/facebook-crawling

Crawling id, user info, content, date, comments and replies of posts in a Facebook page

Primary LanguagePython

Facebook crawling with random proxy servers

Crawling id, user info, content, date, comments and replies of posts in a Facebook page

Demo: https://www.youtube.com/watch?v=Fx0UWOzYsig

Overview:

I. Features:

  1. Getting information of posts.
  2. Filtering comments.
  3. Not required sign in.
  4. Checking redirect
  5. Running with Incognito window.
  6. Simplifying browser to minimize time complexity.
  7. Hiding IP address to prevent from banning by:

II. Weaknesses:

  • Unable to handle some failed responses. Example: RATE LIMIT EXCEEDED response (Facebook prevents from loading more), ...
  • Usually failed to collect replies.
  • Quite slow when running with a large number of loading more.

III. Result:

  • To archive large number of comments results:

    • Load more posts to collect more comments in case failed to view more comments / replies.
    • Should use browser without headless to detect failed responses.
  • Lastest run on Firefox with Incognito windows using HTTP Request Randomizer:

Data Field:
{
    "url": "",
    "id": "",
    "utime": "",
    "text": "",
    "total_shares": "",
    "total_cmts": "",
    "reactions": [],
    "crawled_cmts": [
        {
            "id": "",
            "utime": "",
            "user_url": "",
            "user_id": "",
            "user_name": "",
            "text": "",
            "replies": [
                {
                    "id": "",
                    "utime": "",
                    "user_url": "",
                    "user_id": "",
                    "user_name": "",
                    "text": ""
                }
            ]
        }
    ]
}

Usage:

I. Install libraries:

pip install -r requirements.txt

II. Customize variables in crawler.py:

  1. Running browser:

    • PAGE_URL: url of Facebook page.

    • TOR_PATH: use proxy with Tor for WINDOWS / MAC / LINUX / NONE:

    • BROWSER_OPTIONS: run scripts using CHROME / FIREFOX.
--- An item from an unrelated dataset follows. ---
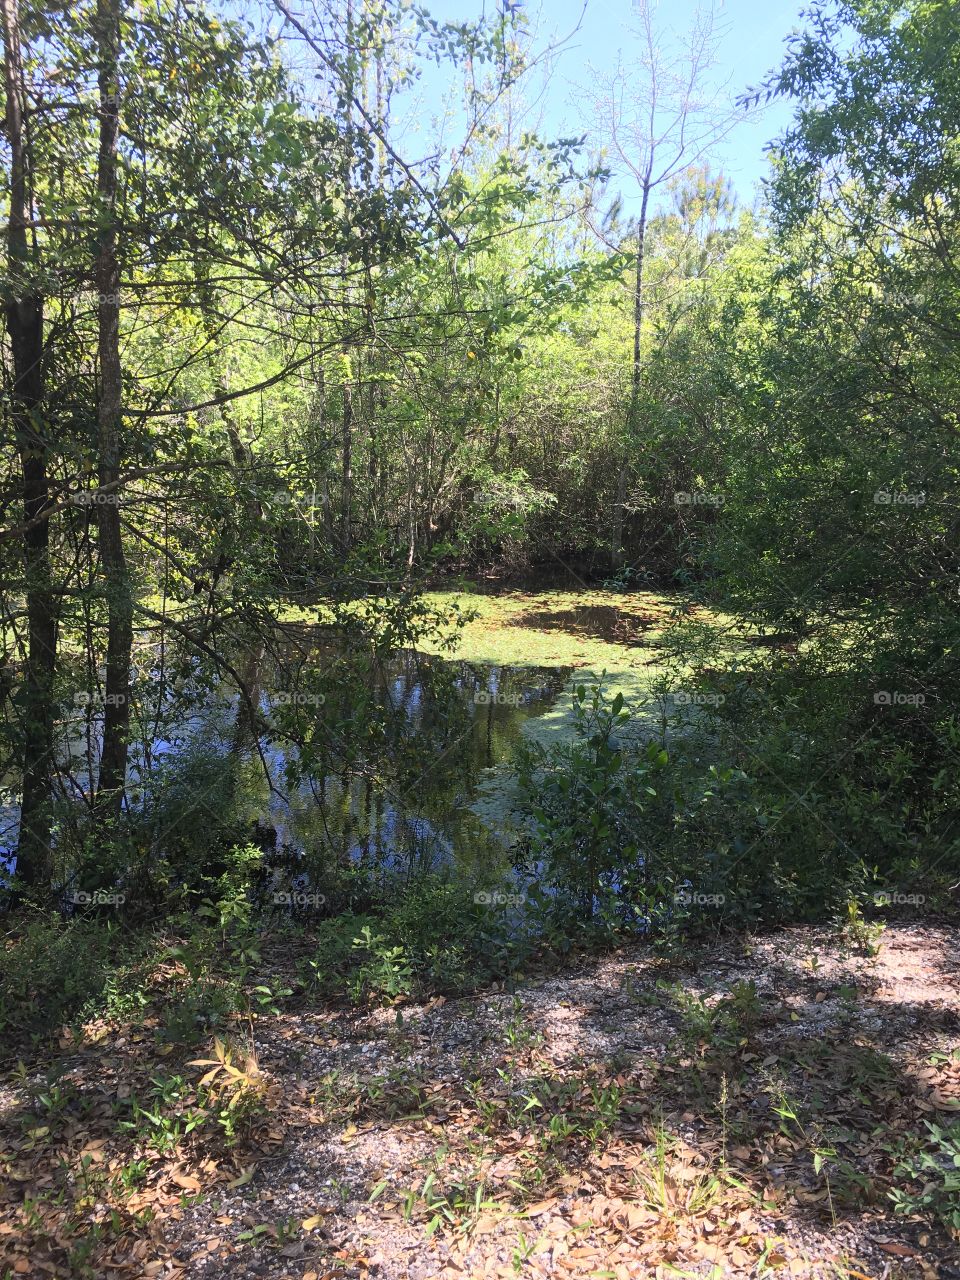 A hidden pond

    • PRIVATE: run with private mode:

      • Prevent Selenium detection ➩ navigator.driver must be undefined (check in Dev Tools).
      • Start browser with Incognito / Private Window.
    • USE_PROXY: run with proxy or not. If True ➩ check:

    • HEADLESS: run with headless browser or not.

    • SPEED_UP: simplify browser for minizing loading time:

      • With Chrome :
      # Disable loading image, CSS, ...
      browser_options.add_experimental_option('prefs', {
          "profile.managed_default_content_settings.images": 2,
          "profile.managed_default_content_settings.stylesheets": 2,
          "profile.managed_default_content_settings.cookies": 2,
          "profile.managed_default_content_settings.geolocation": 2,
          "profile.managed_default_content_settings.media_stream": 2,
          "profile.managed_default_content_settings.plugins": 1,
          "profile.default_content_setting_values.notifications": 2,
      })
      • With Firefox :
      # Disable loading image, CSS, Flash
      browser_options.set_preference('permissions.default.image', 2)
      browser_options.set_preference('permissions.default.stylesheet', 2)
      browser_options.set_preference('dom.ipc.plugins.enabled.libflashplayer.so', 'false')
  2. Loading page:

    • SCROLL_DOWN: number of times to scroll for view more posts.
    • FILTER_CMTS_BY: filter comments by MOST_RELEVANT / NEWEST / ALL_COMMENTS.
    • VIEW_MORE_CMTS: number of times to click view more comments.
    • VIEW_MORE_REPLIES: number of times to click view more replies.

III. Start running:

python crawler.py
  • Most of my success tests was on Firefox with HTTP Request Randomizer proxy server
  • If this is first time using these scripts, you can run without proxy server several times to achieve higher speed until Facebook requires to sign in
  • Run at sign out state, cause some CSS Selectors will be different as sign in.
  • With some proxies, it might be quite slow or required to sign in.
  • Each post will be written line by line when completed.

Test proxy server:

  1. With HTTP Request Randomizer:
from browser import *
page_url = 'http://check.torproject.org'
proxy_server = random.choice(proxies).get_address()
browser_options = BROWSER_OPTIONS.FIREFOX

setup_free_proxy(page_url, proxy_server, browser_options)
# kill_browser()
  1. With Tor Relays:
from browser import *
page_url = 'http://check.torproject.org'
tor_path = TOR_PATH.WINDOWS
browser_options = BROWSER_OPTIONS.FIREFOX

setup_tor_proxy(page_url, tor_path, browser_options)
# kill_browser()